Optics are famously abstract in implementation, but I don't think people have trouble applying them - people seem to like JQuery/CSS selectors, and insist on `object.field` syntax; it's kind of wild that no mainstream language has a first-class way to pass around the description of a location in an arbitrary data structure.
Optics let you concisely describe the location, but defer the dereferencing, so you could definitely approximate optics, not by passing around pointers you compute with `offsetof`, but passing around functions that use `offsetof` to return memory locations to reference (read/write to). You could certainly write a composition operator for `*(*T) => List<*R>`... Some people have done something like it[1][2]:
Account acc = getAccount();
QVERIFY(acc.person.address.house == 20);
auto houseLens = personL() to addressL() to houseL();
std::function<int(int)> modifier = [](int old) { return old + 6; };
Account newAcc2 = over(houseLens, newAcc1, modifier);
These also use templating to get something that still feels maybe a little less ergonomic than it could be, though.
Haskell has 'Traversable' (and 'Foldable' etc) which are a lot more approachable than the fully generalised lens library.
naasking · 1d ago
> These are what I think the author is looking for. But it shouldn't be a "primitive" in terms of code automatically generated by the compiler
I think people are often too enamored by general purpose languages that can express such abstractions natively. I don't see an issue with a language that provides this as a primitive without being able to express it itself, constraints can be useful for other properties. Once you can traverse trees, most programming problems can be tackled even in such constrained languages, eg. SQL with CTE.
jll29 · 9h ago
In Rust, you can extend the syntax a bit within the language itself.
For C++, you could define yourself a template that expands to the two functions you listed.
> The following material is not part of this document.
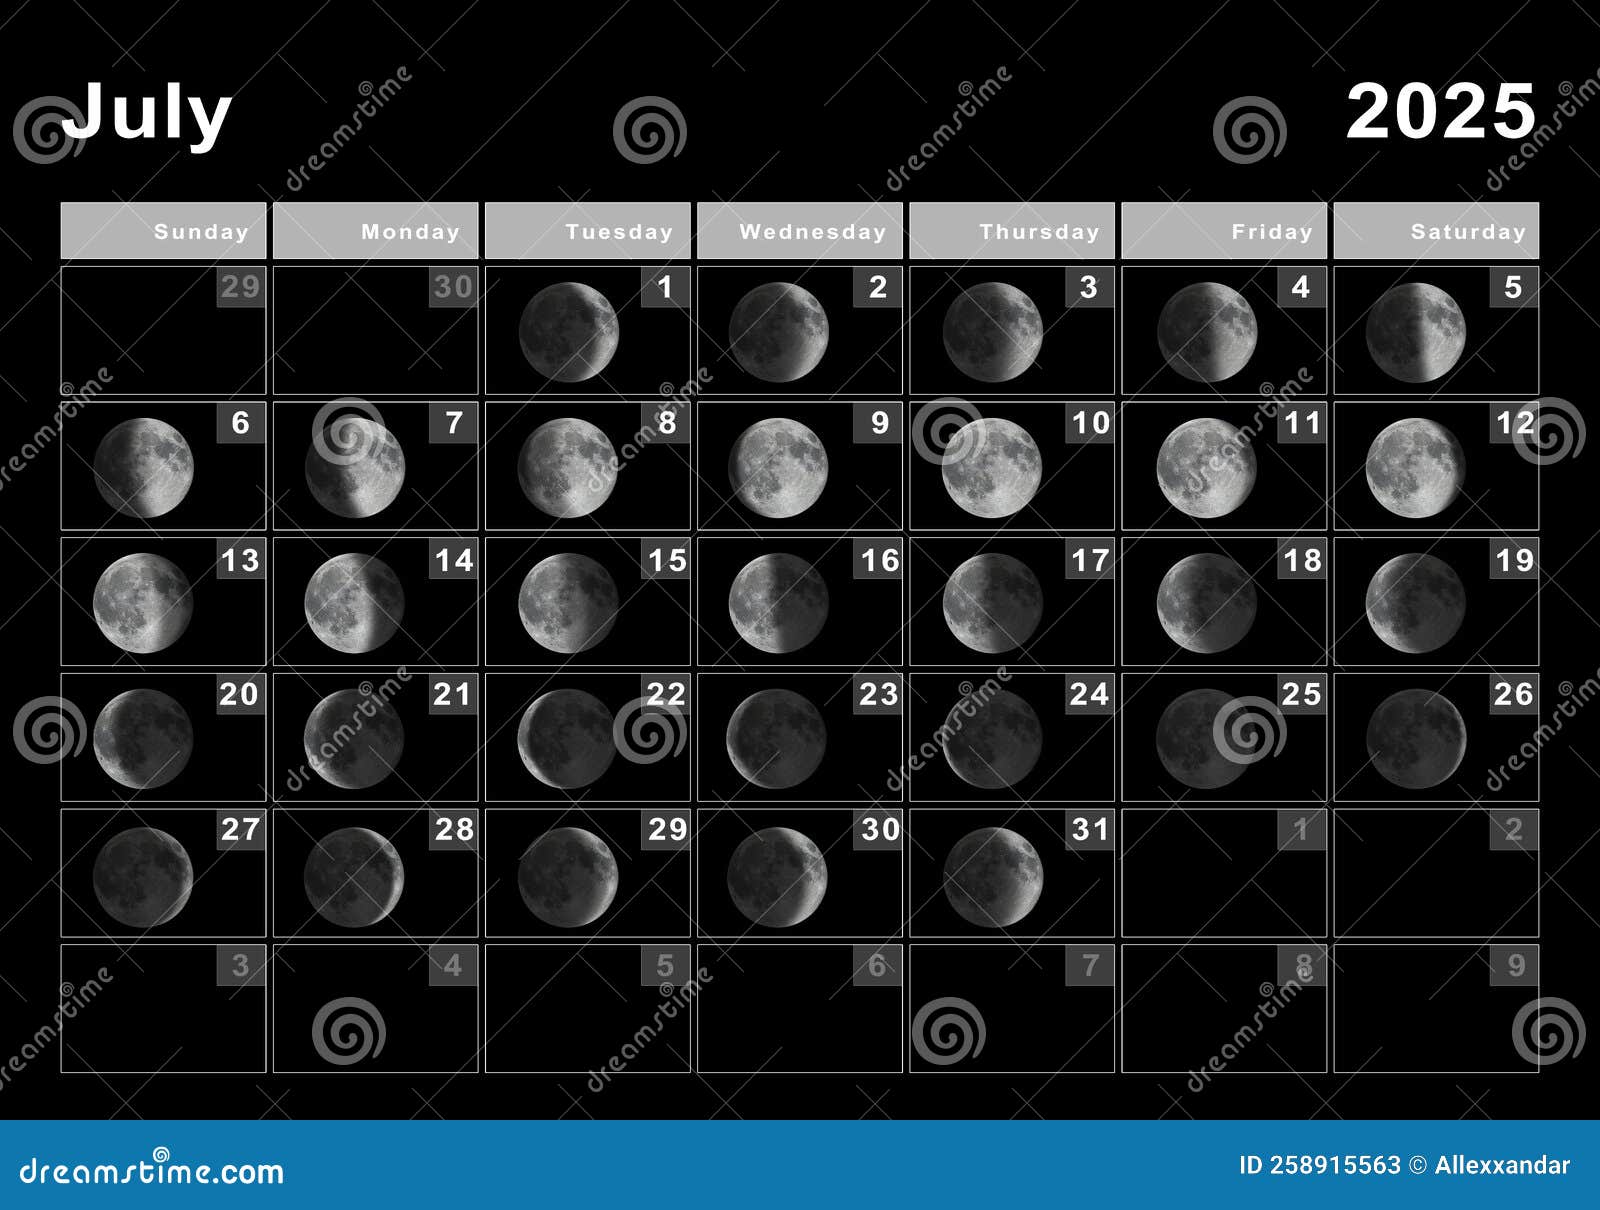 july-2025-lunar-calendar-moon-cycles-stock-illustration-illustration-of-galaxy-date-258915563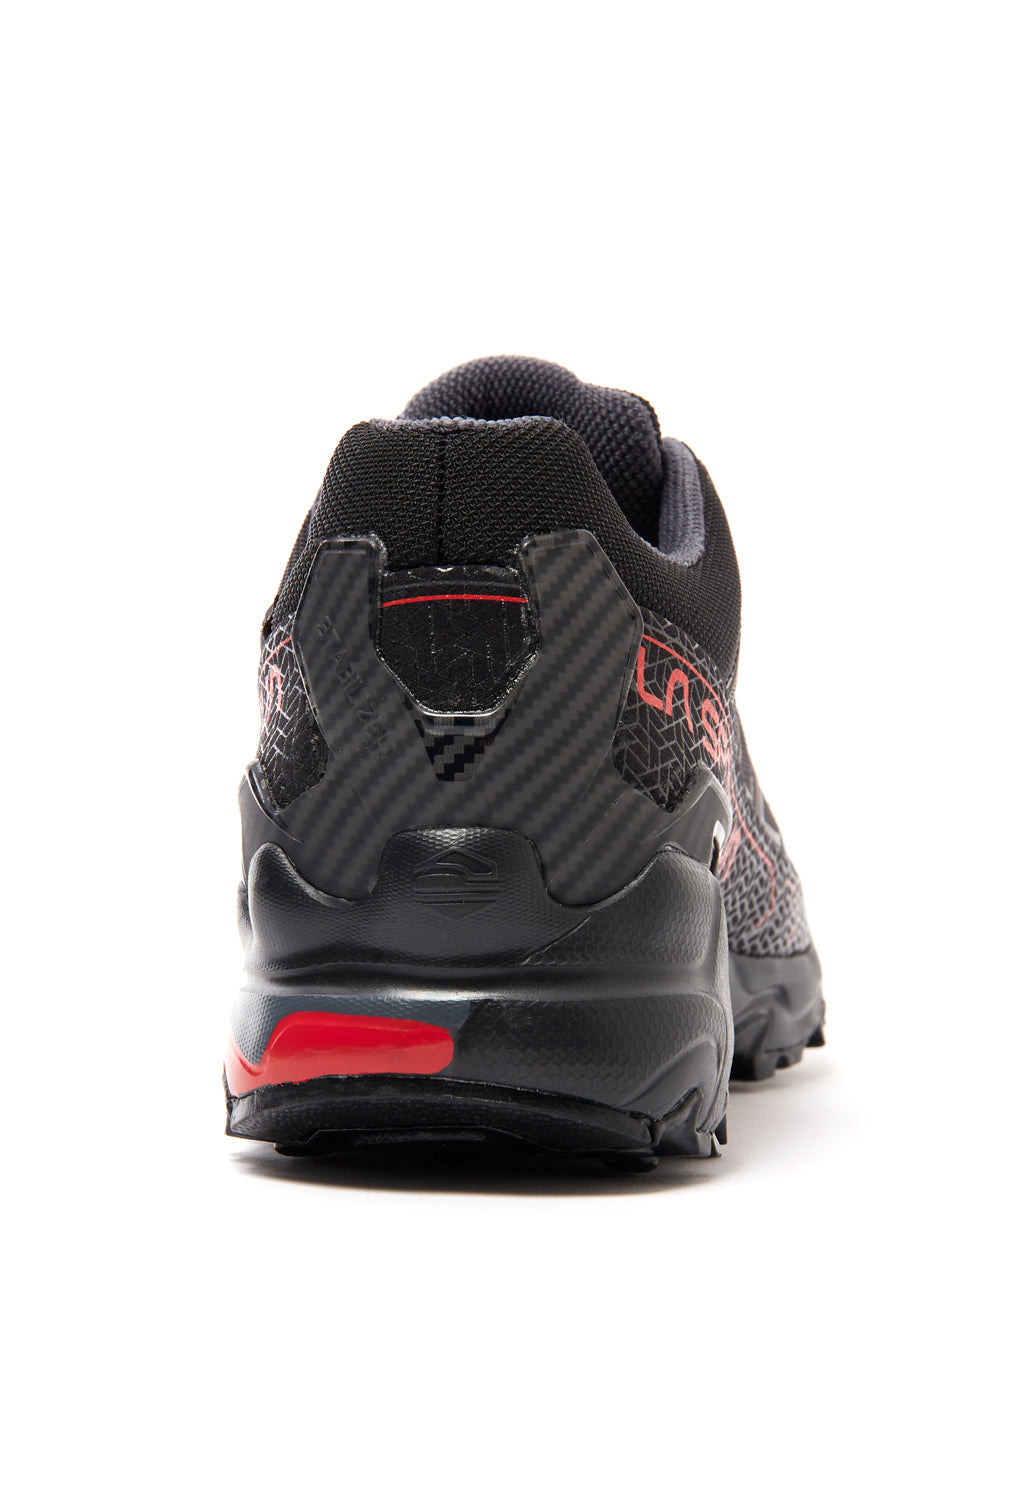 La Sportiva Ultra Raptor II GORE-TEX Men's Shoes - Black/Goji

For any language, you could write yourself a pre-processor that adds for_tree notation and expands it,
either with pre-processor semantics or working on the abstract syntax tree (which is more "proper" but also more work"). I would recommend the former to test notations, and then you can live with them for a while to experiment with them and see if and how often you really need the construct (recall that is how C++ evolved from C via "C with classes" - it was first a pre-processor).
Once you and others are 100% convinced of the new syntax, go to your prefered language's working group/ISO committee and propose inclusion.
My own feeling is that this is not something for which I need more than recursion; calling inside traverse() traverse(left) and traverse(right) for binary trees or using a normal for loop to iterate over all this->children() from 0 to this->children.size() is something that occurs in graph libraries and parsers/compilers once in a while but not often enough to warrant its own notation. Rather, when I look at languages like C++, I'd have a language that is simpler, cleaner, more homogeneous and more orthogonal; C++ is complicated, convoluted, too large to implement it correctly by a single person in reasonable time (compared to beauties like C, Pascal, Scheme), so I stand on the side of minimalism.
timeninja · 7h ago
The "syntax extension" thing is precisely the reason I have an interest in (and advocacy for) Common Lisp.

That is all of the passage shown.